▶ **Problem**:
The following data needs to be repeated exactly, with all images excluded.

▶ **Dataset section**:
====

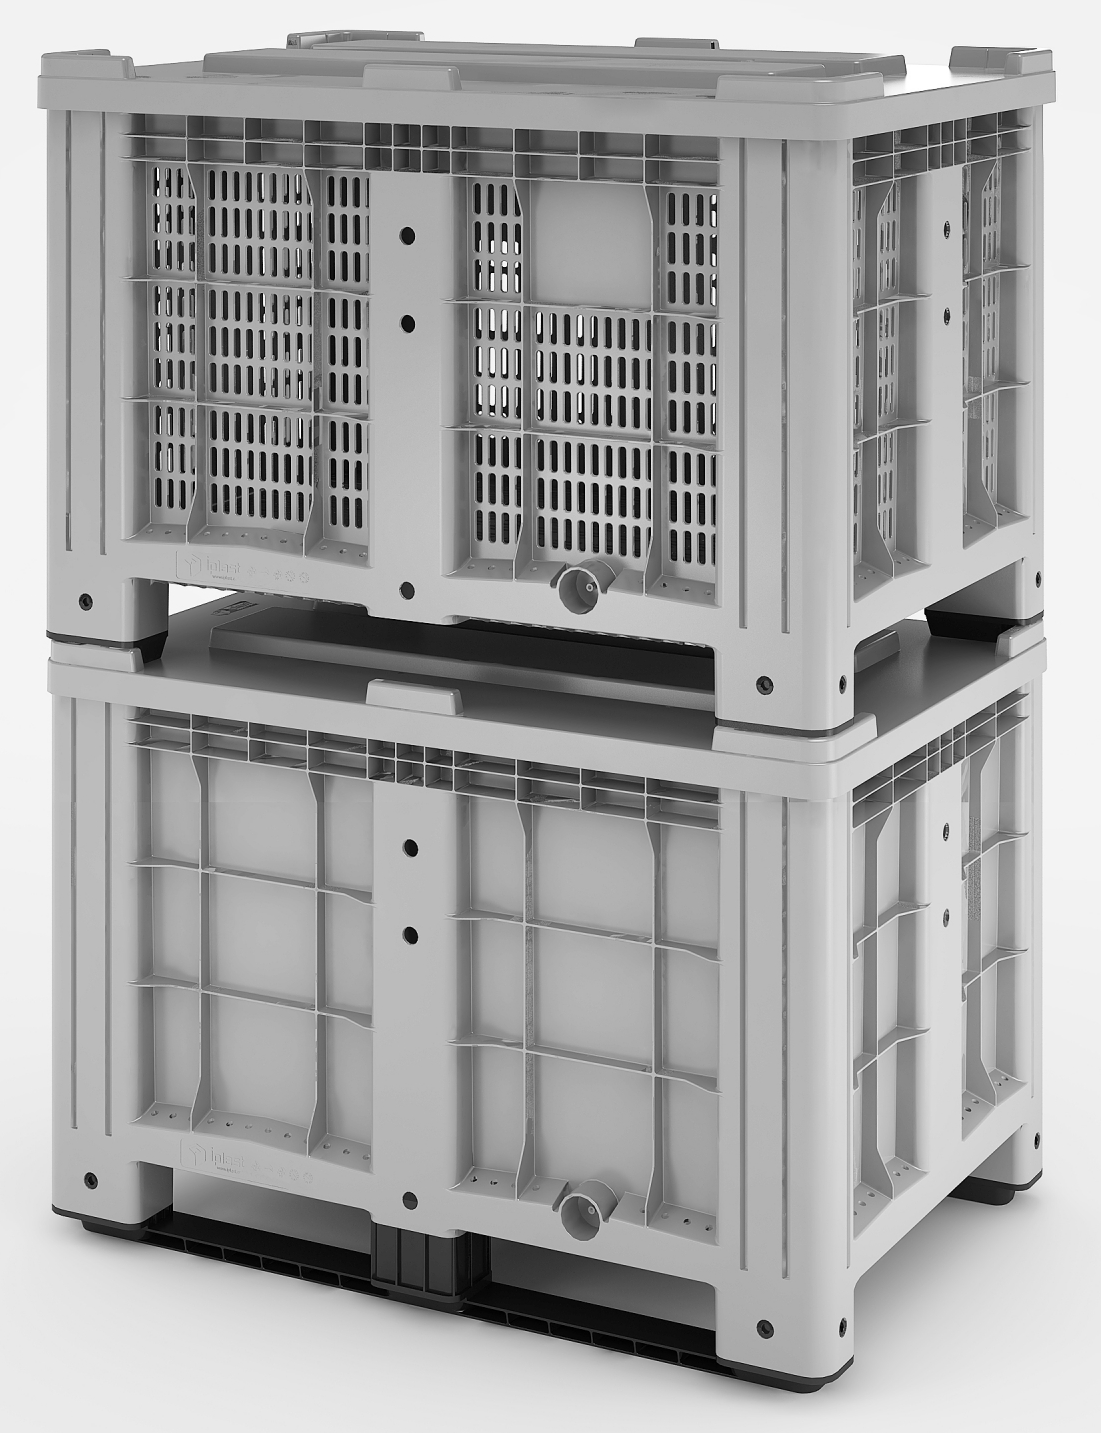 11.602F.91.PE.C10 Пластиковый контейнер iBox 1200х800 (сплошной, на ножках) г. Ижевск TARA-RU.RU (3412) 57-67-95
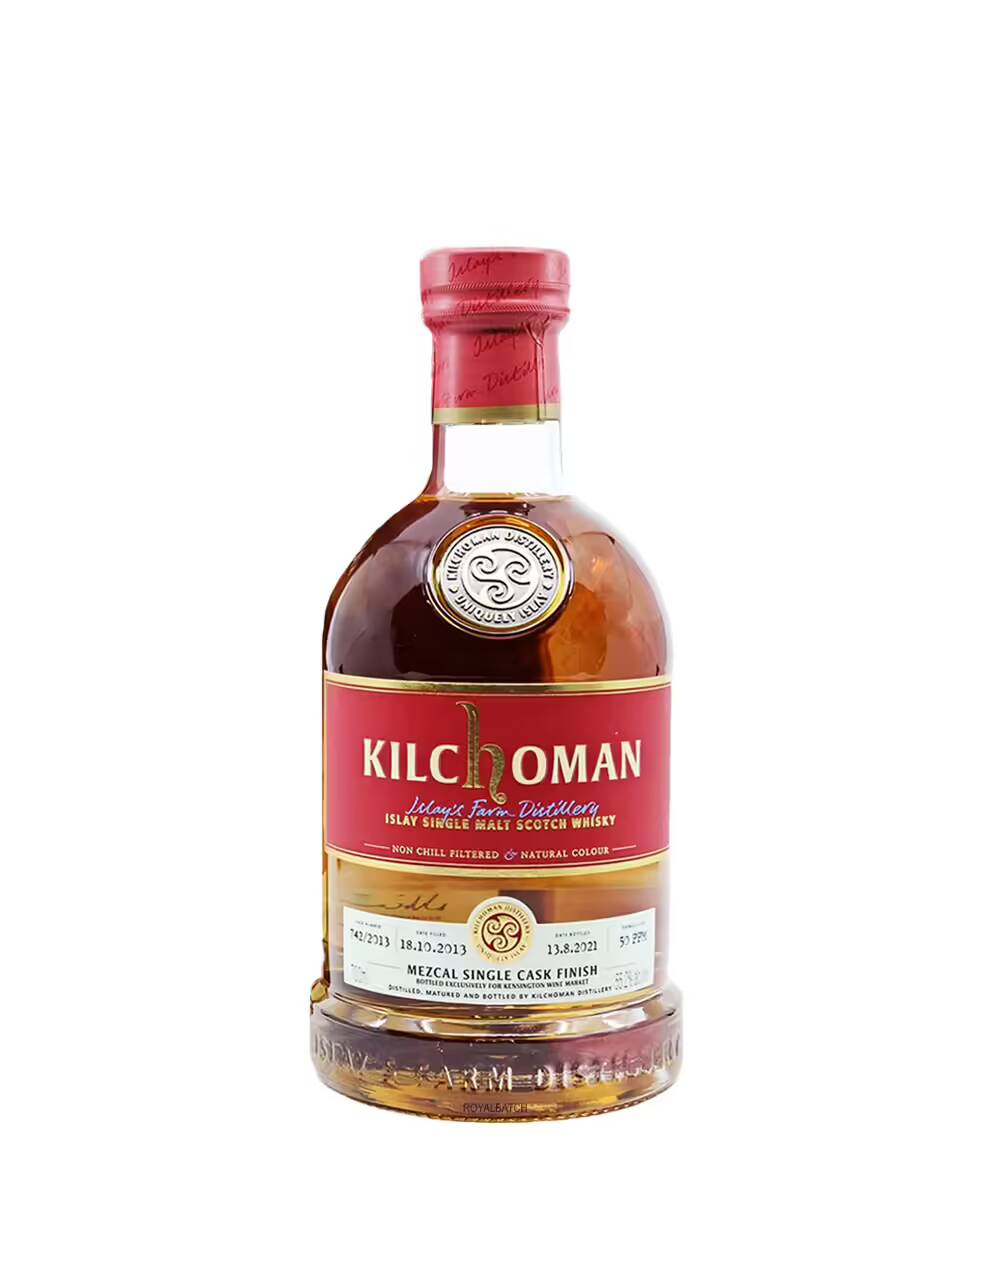 Kilchoman Mezcal Single Cask Finish 2013 Single Malt Scotch Whisky
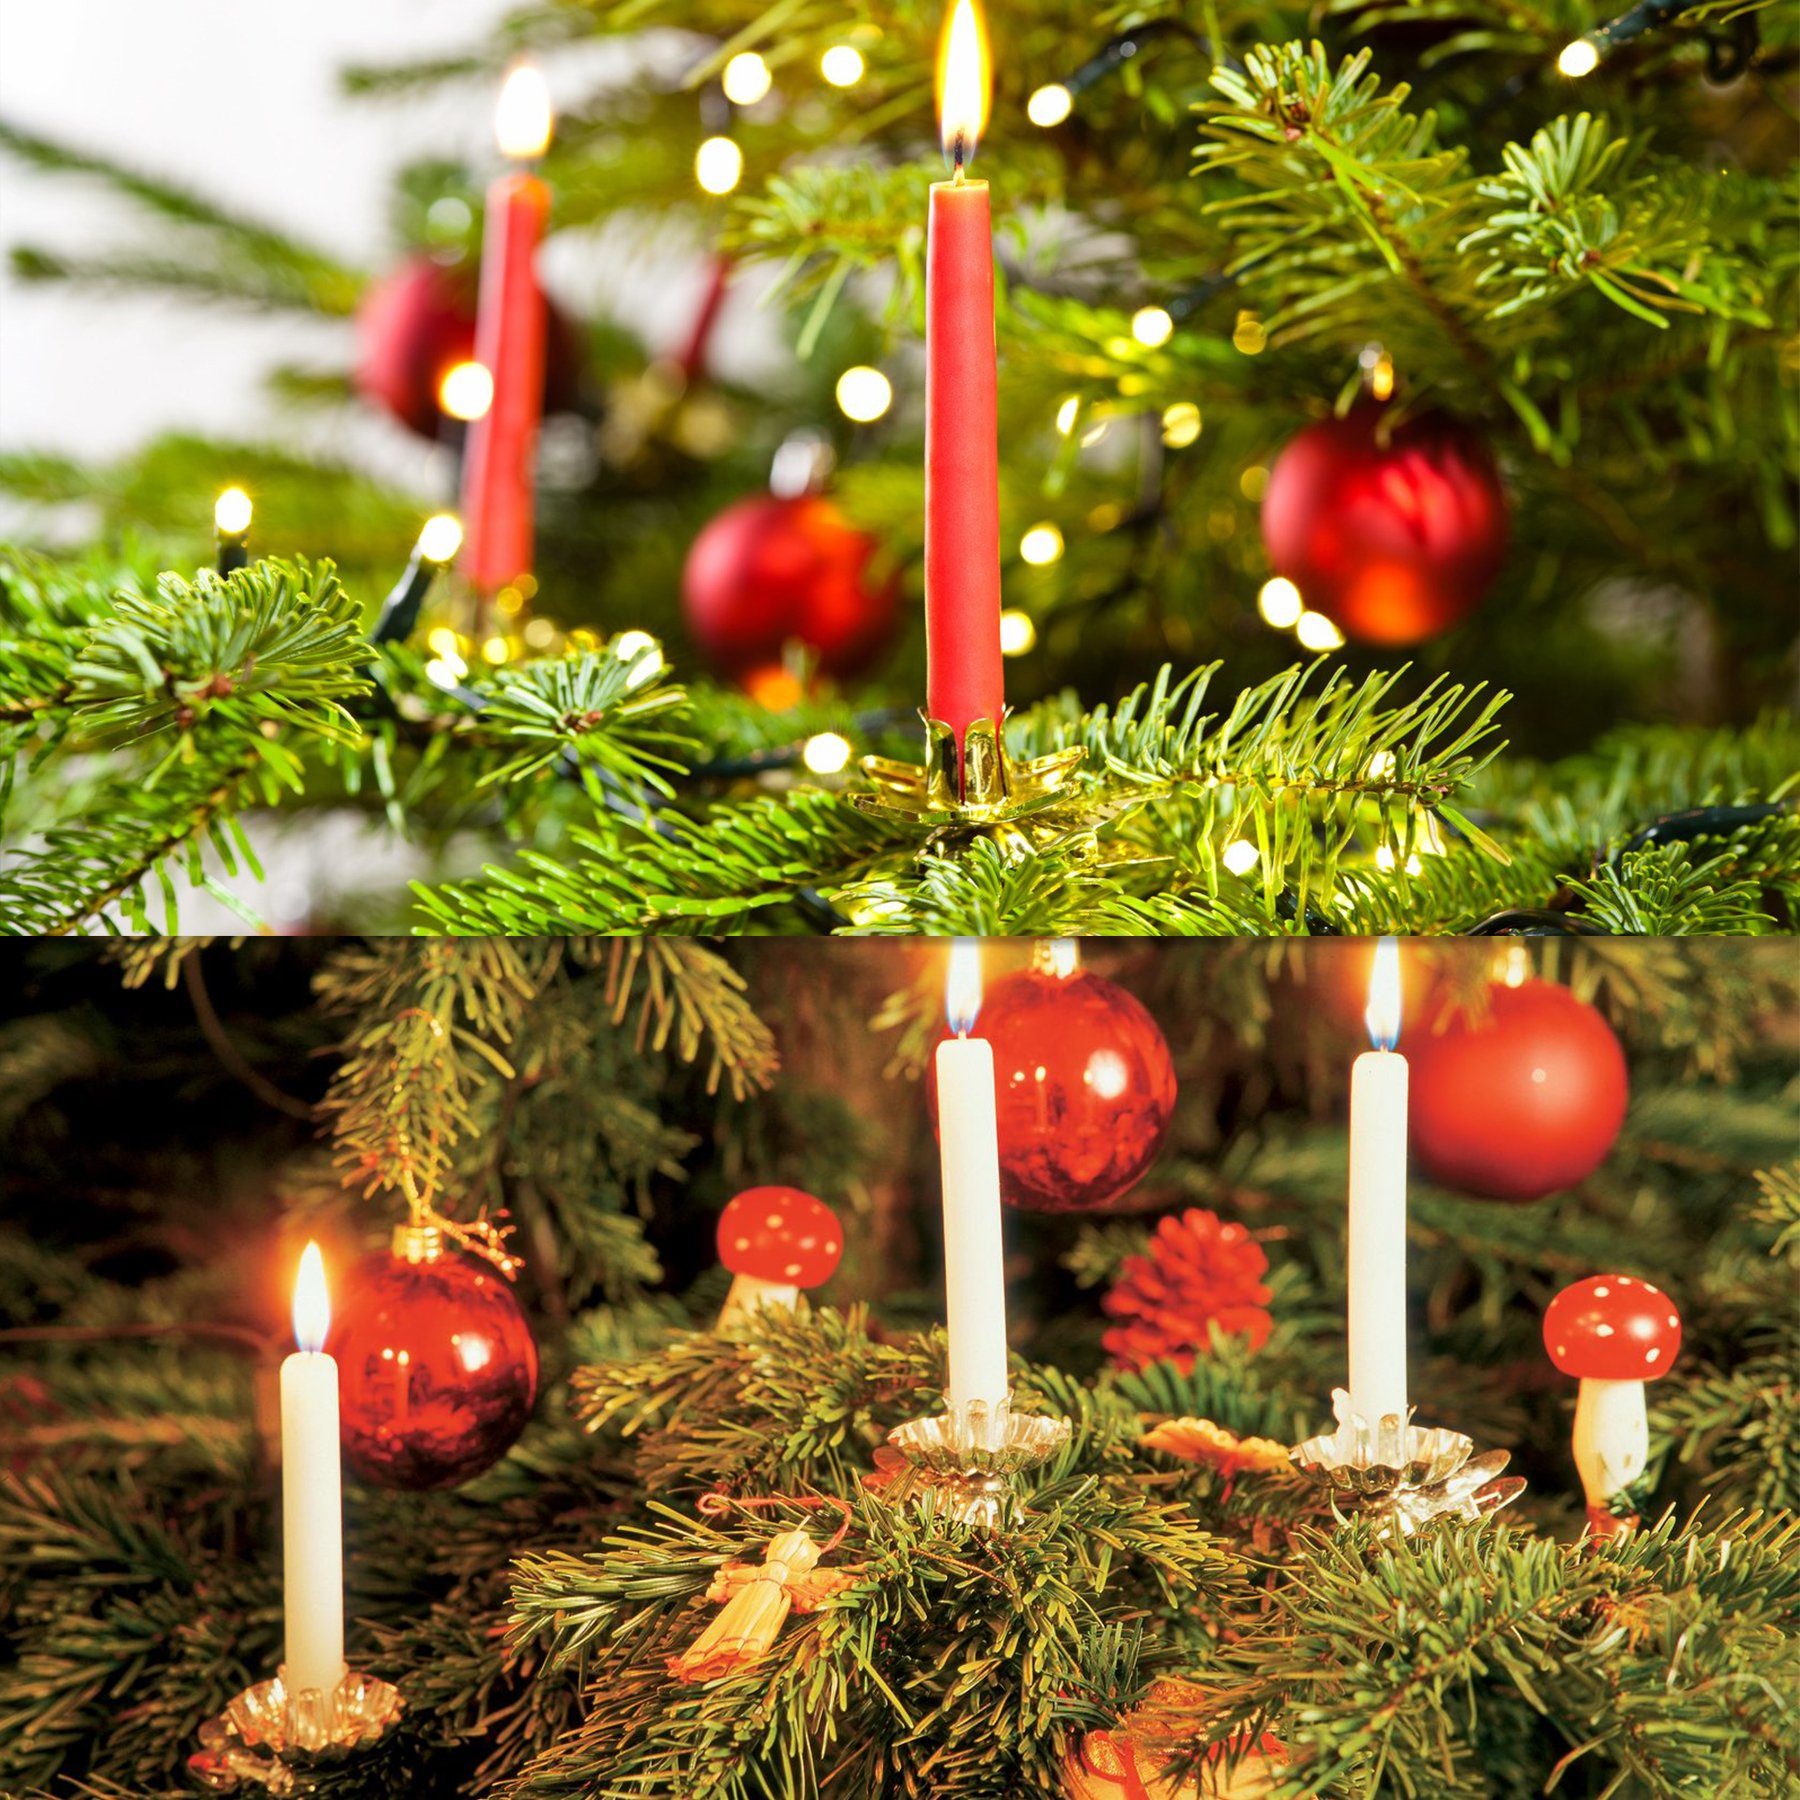 Kerzenzwicker Gold Kerzen Clip CALIYO Metall Weihnachtsbaum Clips (20 mit St), Kerzenständer Kerzenständer 20 Traditionelle

====

▶ **Answer space**:
 11.602F.91.PE.C10 Пластиковый контейнер iBox 1200х800 (сплошной, на ножках) г. Ижевск TARA-RU.RU (3412) 57-67-95
 Kilchoman Mezcal Single Cask Finish 2013 Single Malt Scotch Whisky
 Kerzenzwicker Gold Kerzen Clip CALIYO Metall Weihnachtsbaum Clips (20 mit St), Kerzenständer Kerzenständer 20 Traditionelle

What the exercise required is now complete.